Sarah Canary, by Karen Joy Fowler

Only toward the end of this novel was my credibility challenged. Karen Joy Fowler has a penchant for the incredible, both in reality and imagination. She combines them irresistibly in this fabulous novel, which I’d use in my Developmental English class next fall if the language wasn’t so challenging. This aspect of the book–the fabulously descriptive vocabulary–enhanced my own reading experience but I’m not sure my students could handle it.

How to describe this book? It’s the story of a Chinese railway worker in the West and a mysterious woman in an apparently seamless black dress who doesn’t speak but seems to inspire just about everyone, good and bad, to follow her. It’s sort of a grown-up Wizard of Oz story, as everyone heads for the Golden City, San Francisco, and their adventures along the way never fail to entertain. Even Emily Dickinson is enlisted as inspiration for every fictional chapter.

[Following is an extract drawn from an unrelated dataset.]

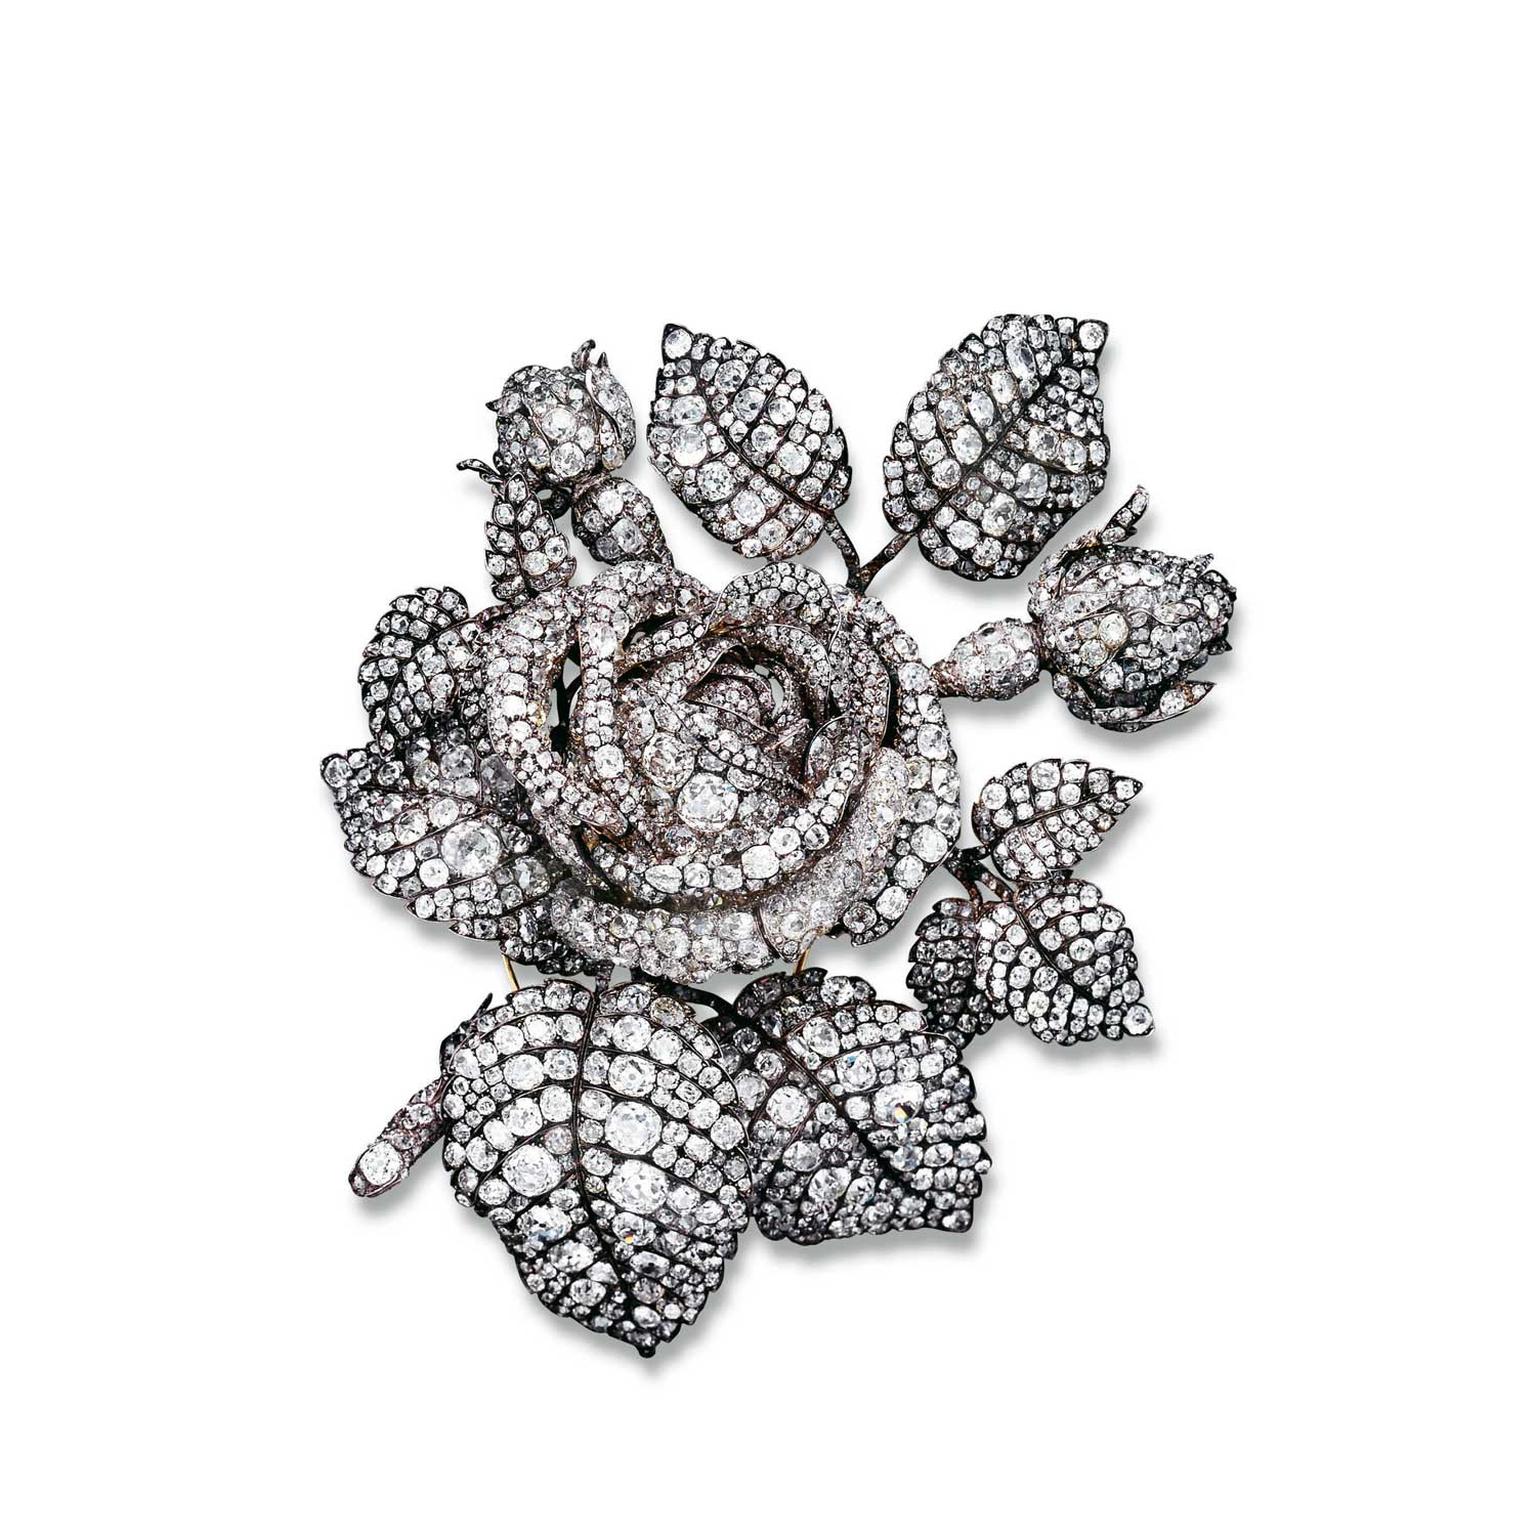 Mellerio dits Meller mid 19th century diamond rose brooch commissioned by Princess Mathilda

How did I miss this book, published fifteen years ago? I recommend it as a great summer read, travel read, or sick leave balm–any time you can drop everything without getting fired.

(PS…inspired by this author, I also bought and read another of her books, Before Women Had Wings. I hated this book…endless pages of child and wife abuse. There is a happy ending, but so what? It came too late for me. Perhaps this novel would appeal to persons who can more closely identify than I can.)